His critique of the prominent research universities, along with the media, was no less withering. These institutions, self-absorbed, compromised by their close relationship with government and corporations, given enough of the pie to be complacent, were unwilling to deal with the fundamental moral questions and inequities of the age. They had no stomach for a battle that might cost them their prestige and comfort. He told me that if the Nazis took over America "60 percent of the Harvard faculty would begin their lectures with the Nazi salute." This too was not an abstraction. He had watched academics at the University of Heidelberg, including the philosopher Martin Heidegger, raise their arms stiffly to students before class.
-- from The Christian Right and the Rise of American Fascism (I've posted this one before. And now I'm posting it again.)
Balance and objectivity, without a strong commitment to the truth, can turn journalism into farce. It was impossible to witness the army massacres in El Salvador or the murder of children by Bosnian Serb snipers in Sarajevo without being revolted. I hated these crimes. I took risks, along with many of my colleagues, to expose and explain them. And I wanted, through my reporting, to get the world to wake up and put an end to the wholesale murder of innocents.

This commitment, however, was effective only when we were rigorous about telling the truth. It is this moral core, this belief that we can contribute to an open society and make the world a better place, that keeps me and other reporters focused on truth as well as balance and objectivity.

-- from an editorial in The Philadelphia Inquirer
War and conflict have marked most of my adult life. I have been in ambushes on desolate stretches of Central American roads, locked in unnerving firefights in the marshes in southern Iraq, imprisoned in the Sudan, beaten by Saudi military police, deported from Libya and Iran, captured and held for a week by Iraqi Republican Guards, strafed by Russian Mig-21s in central Bosnia, shot at by Serb snipers and shelled with deafening rounds of artillery in Sarajevo that threw out thousands of deadly bits of iron fragments. I have seen too much of violent death. I have tasted too much of my own fear. I have painful memories that lie buried most of the time. It is never easy when they surface.
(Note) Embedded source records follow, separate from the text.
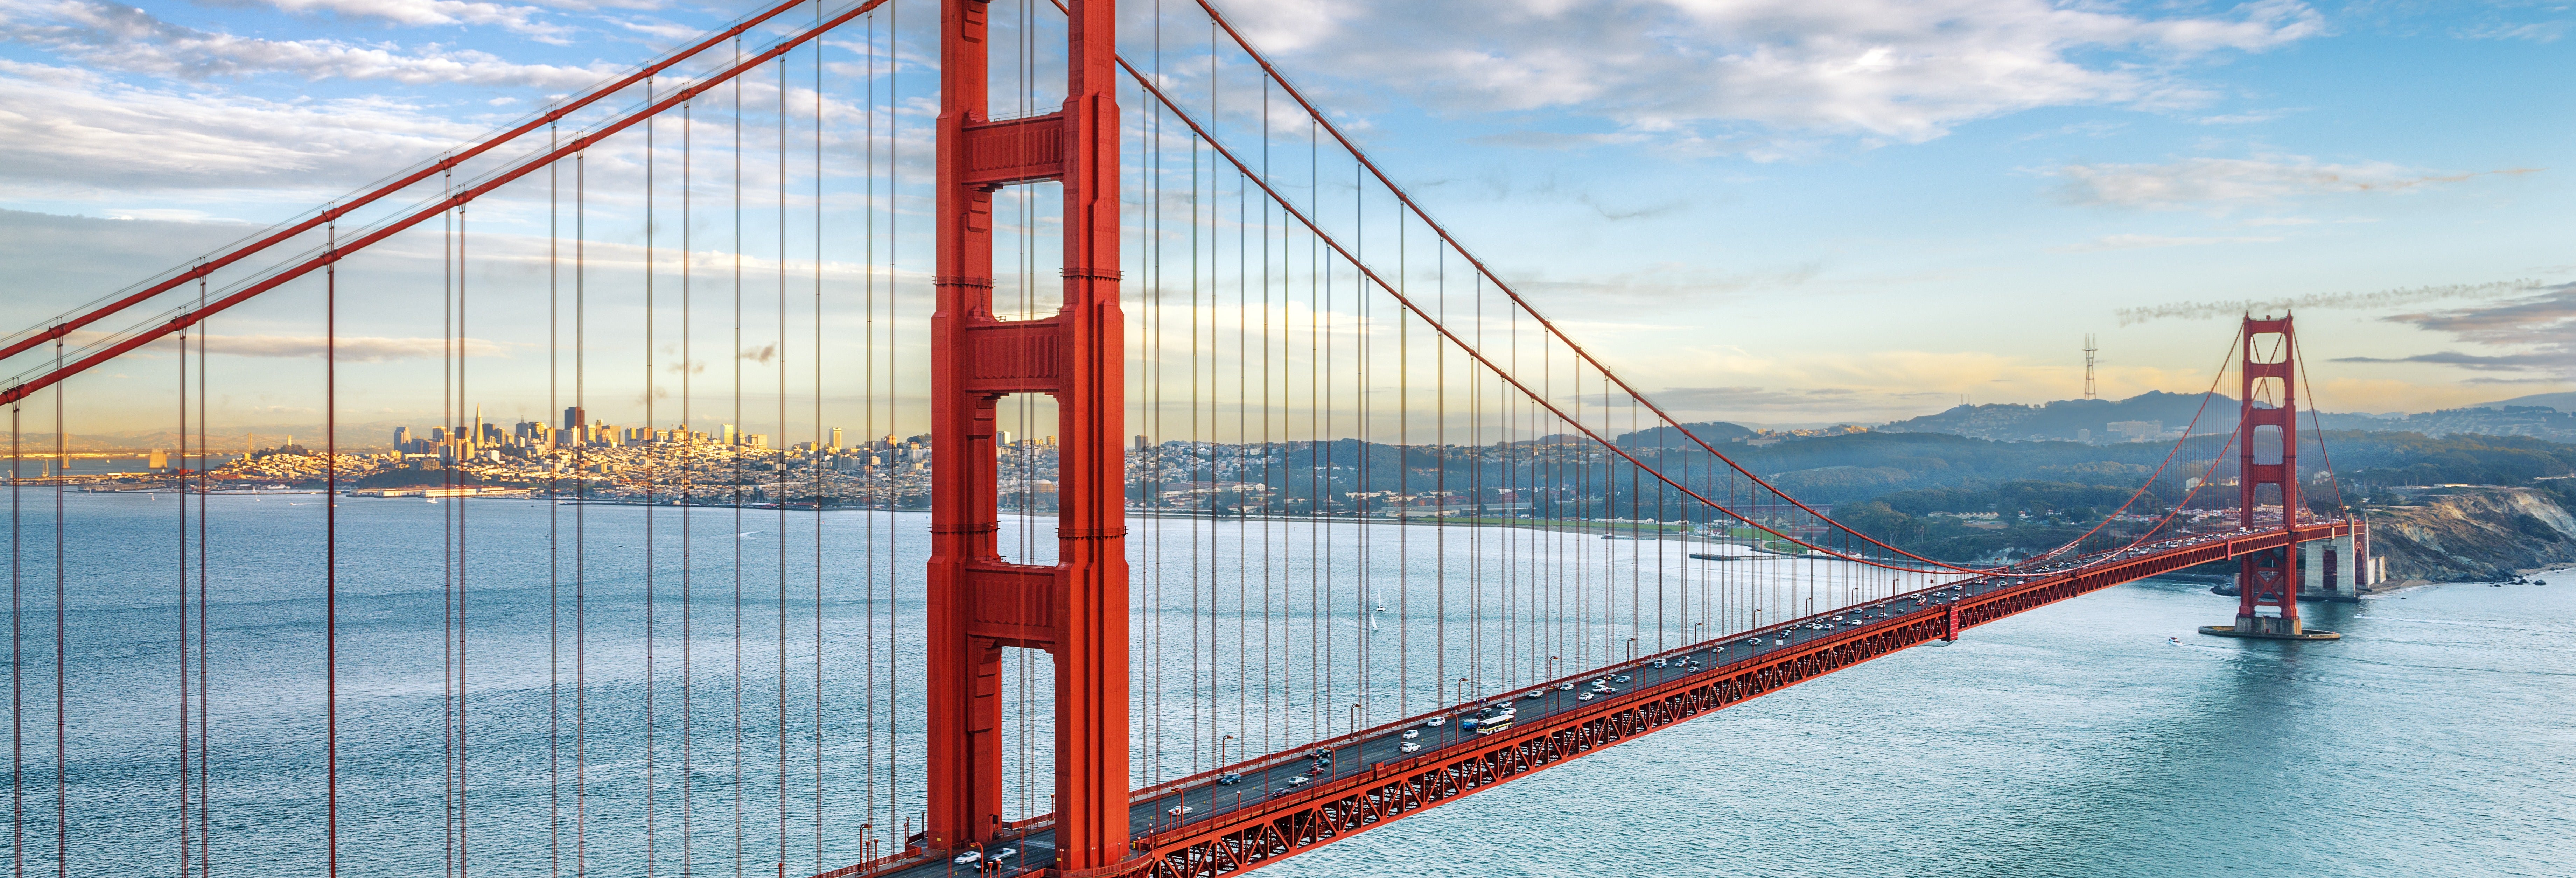 San Francisco Golden Gate Bay Cruise
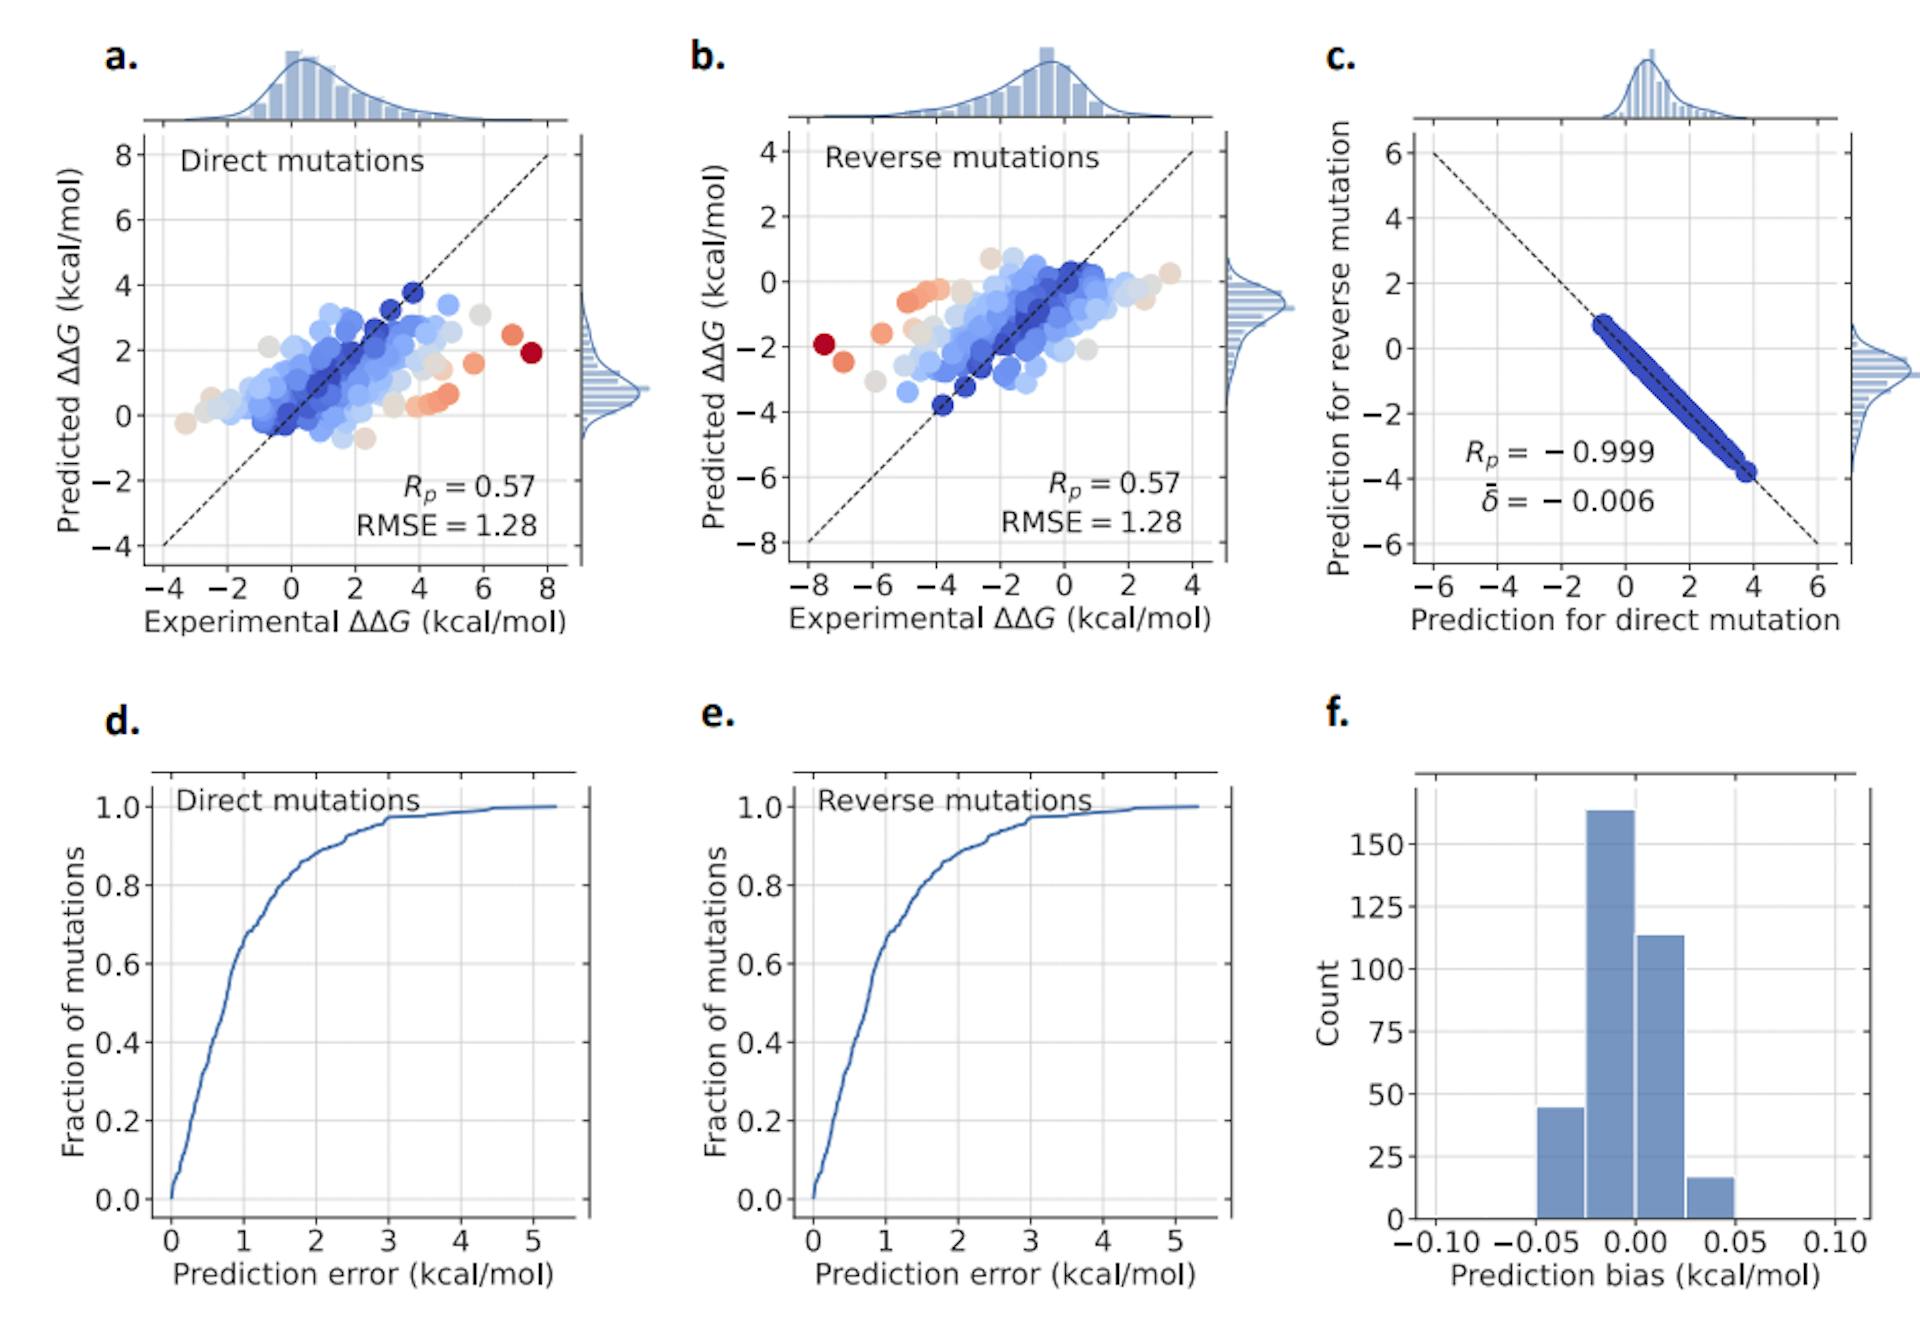 Hình 3: Kết quả của mô hình GGL-PPI2 của chúng tôi cho tập dữ liệu Ssym. Trong (a), các đột biến trực tiếp được vẽ, trong khi (b) trình bày kết quả cho các đột biến ngược. Phổ màu, từ xanh lam đến đỏ, biểu thị độ chính xác dự đoán tương ứng—trong đó màu xanh lam biểu thị độ chính xác cao hơn và màu đỏ biểu thị độ chính xác thấp hơn. MỘT
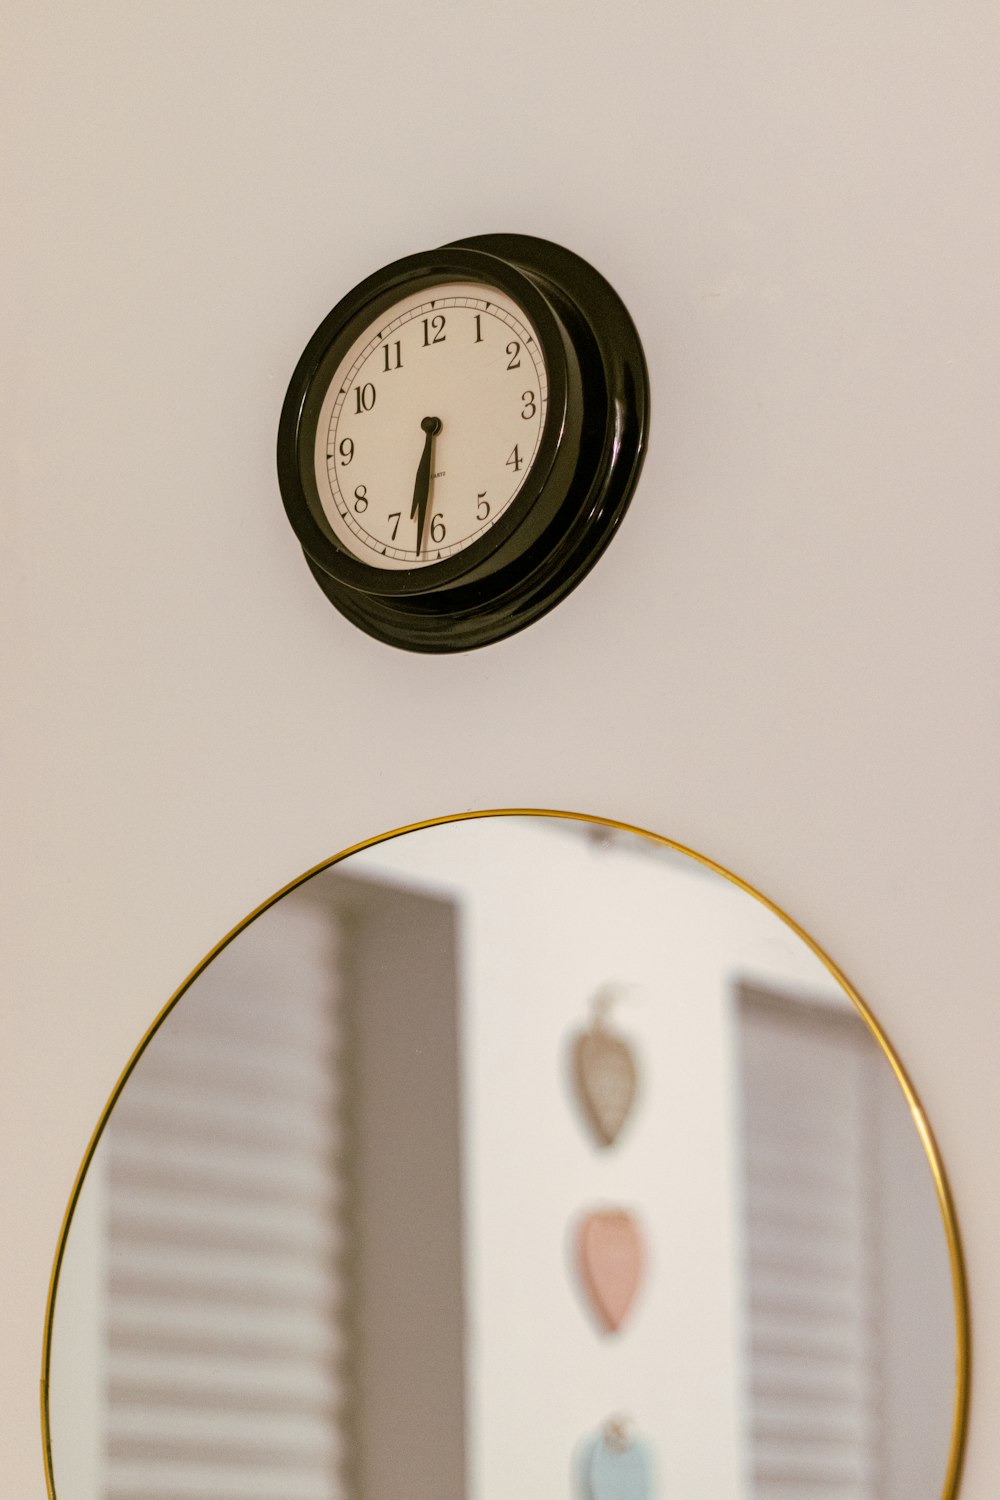 거울 위의 벽에 걸린 시계
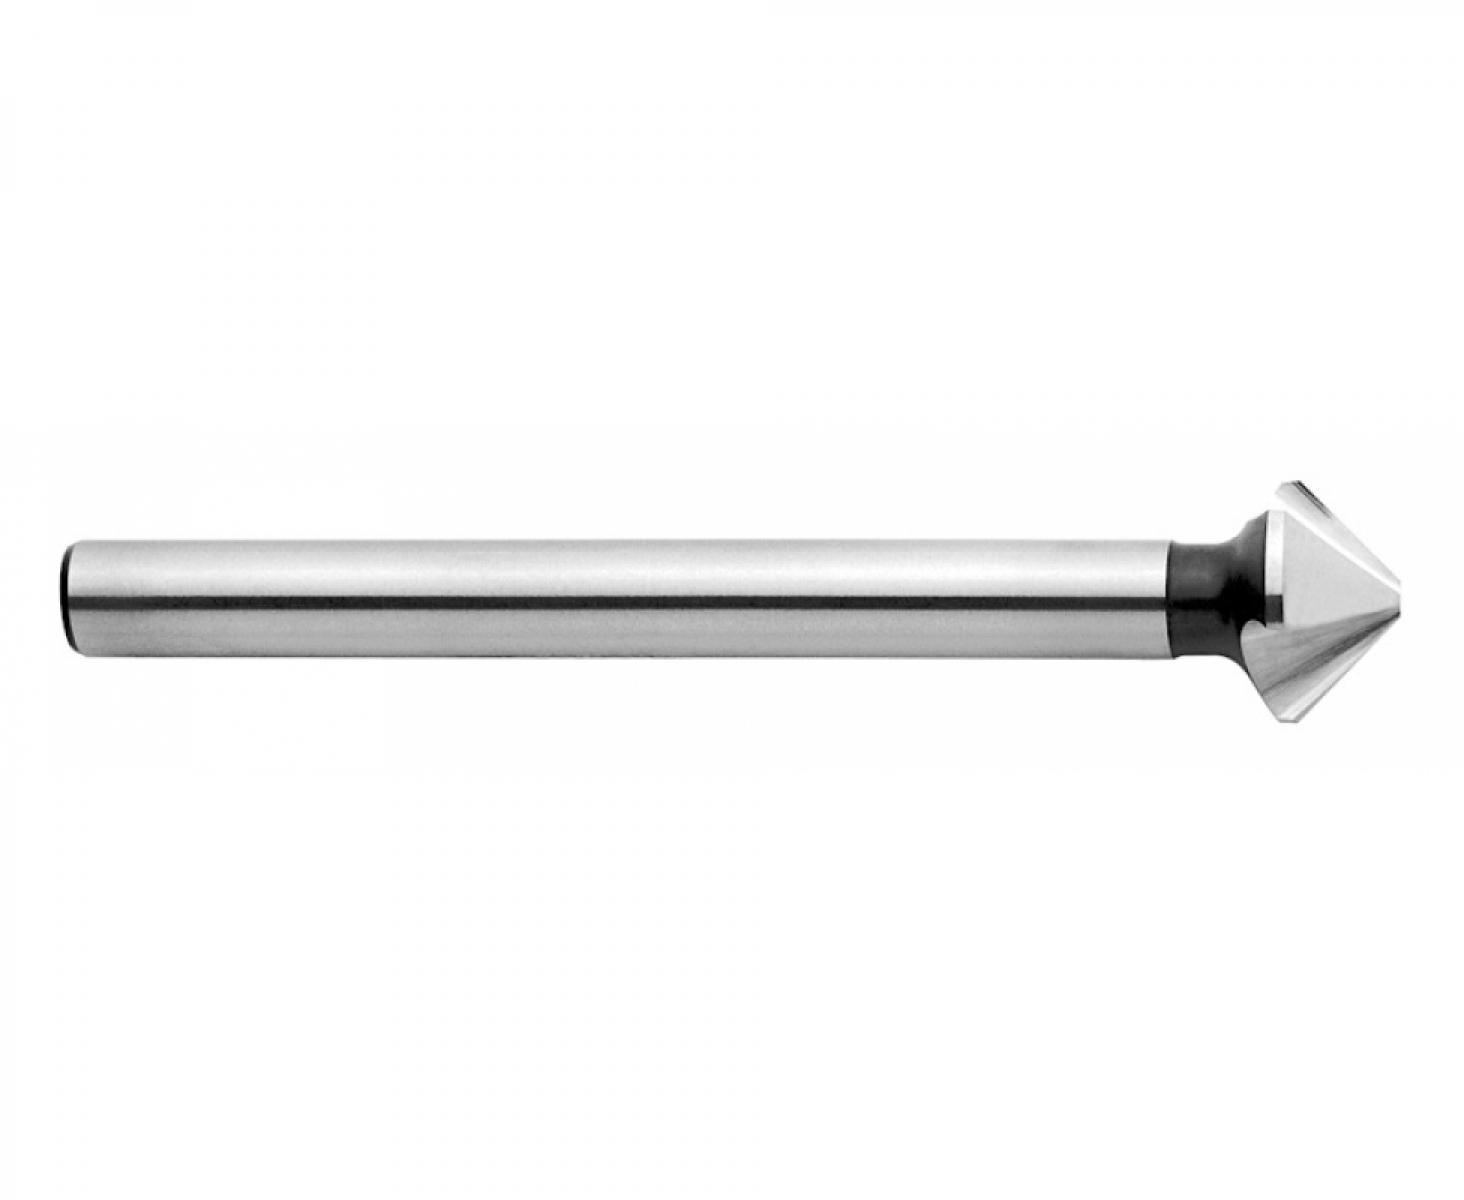 Зенкер конический 90° 6,3 мм DIN 335 C Exact GQ-50701 3 режущих кромки цилиндрический хвостовик длинный

And yet there is a part of me that remains nostalgic for war's simplicity and high. The enduring attraction of war is this: Even with its destruction and carnage it gives us what we all long for in life. It gives us purpose, meaning, a reason for living. Only when we are in the midst of conflict does the shallowness and vapidness of our lives become apparent. Trivia dominates our conversations and increasingly our news. And war is an enticing elixir. It gives us resolve, a cause. It allows us to be noble. And those that have the least meaning in their lives—the impoverished refugees in Gaza, the disenfranchised North African immigrants in France, even the lost legions of youth that live in the splendid indolence and safety of the industrialized world—are all susceptible to war's appeal.